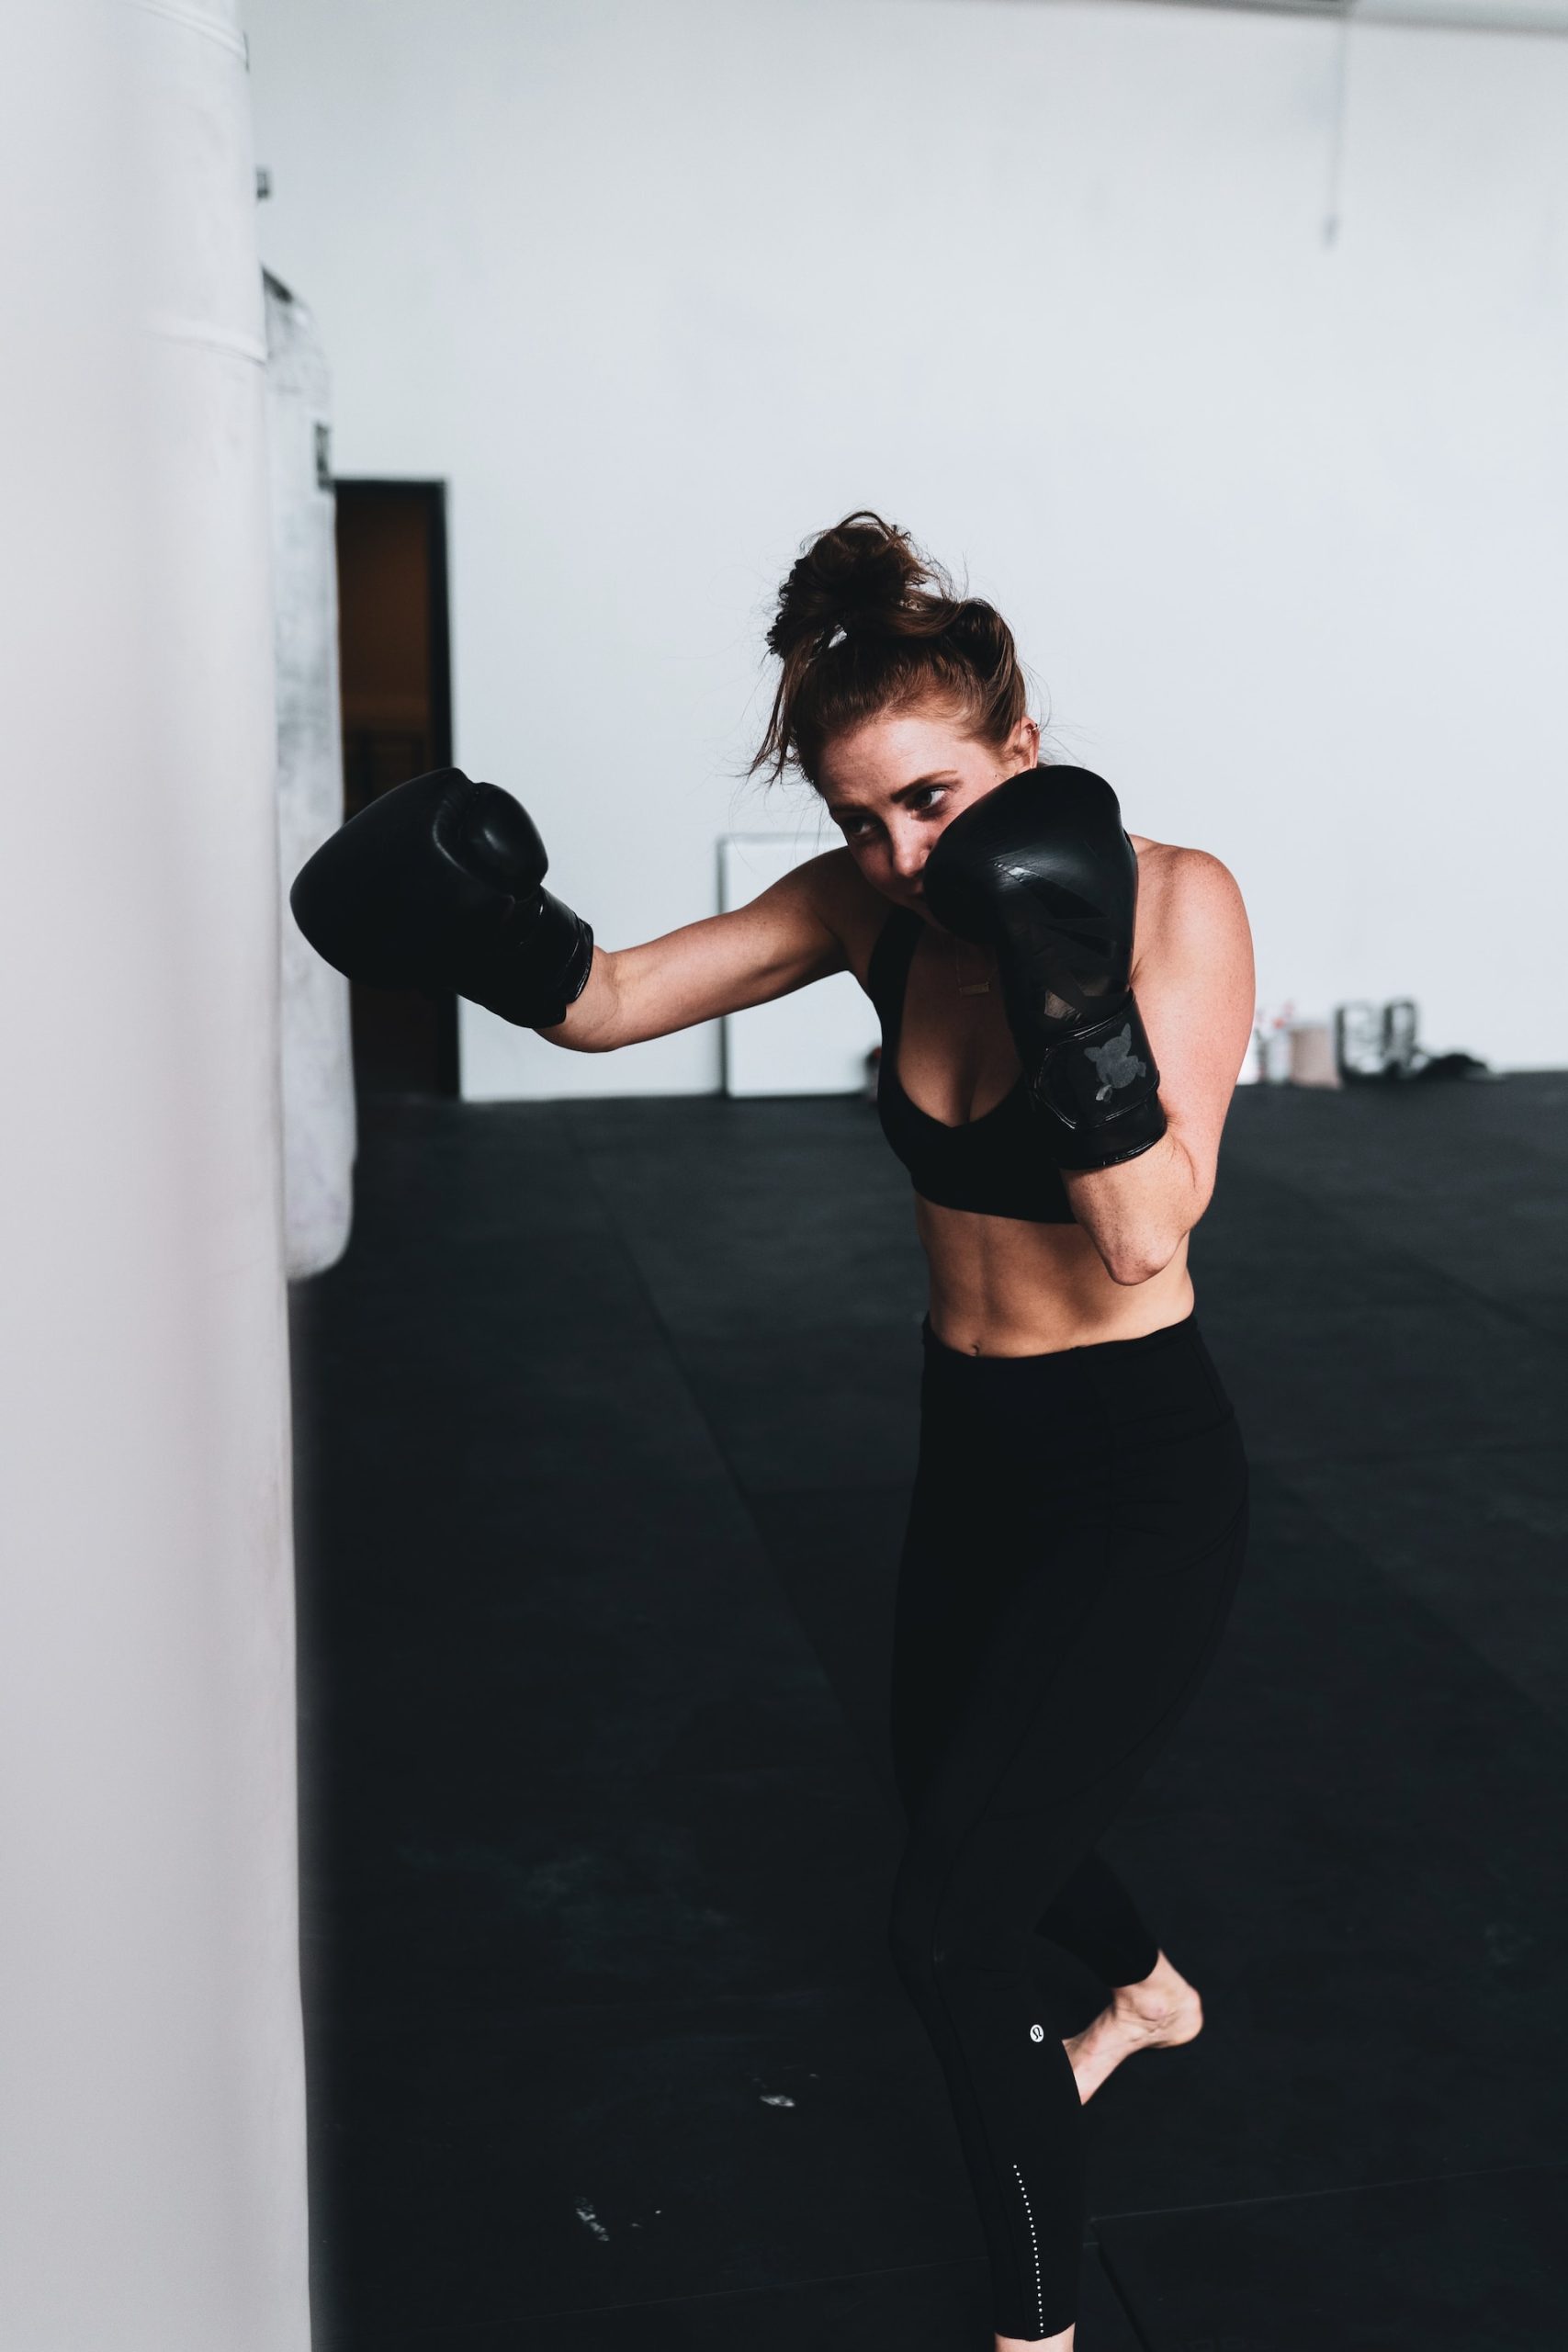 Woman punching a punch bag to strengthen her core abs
______________________________
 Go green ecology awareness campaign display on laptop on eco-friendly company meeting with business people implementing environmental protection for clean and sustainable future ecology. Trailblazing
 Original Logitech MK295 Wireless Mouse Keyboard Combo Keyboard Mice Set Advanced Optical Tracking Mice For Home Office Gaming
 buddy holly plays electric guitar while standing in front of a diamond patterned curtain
______________________________
→ **What to work on**: Please reproduce, exactly as they appear above, the lines from the line containing "Original Logitech MK295" up to and including the line containing "buddy holly plays".

→ **The completed task**:
 Original Logitech MK295 Wireless Mouse Keyboard Combo Keyboard Mice Set Advanced Optical Tracking Mice For Home Office Gaming
 buddy holly plays electric guitar while standing in front of a diamond patterned curtain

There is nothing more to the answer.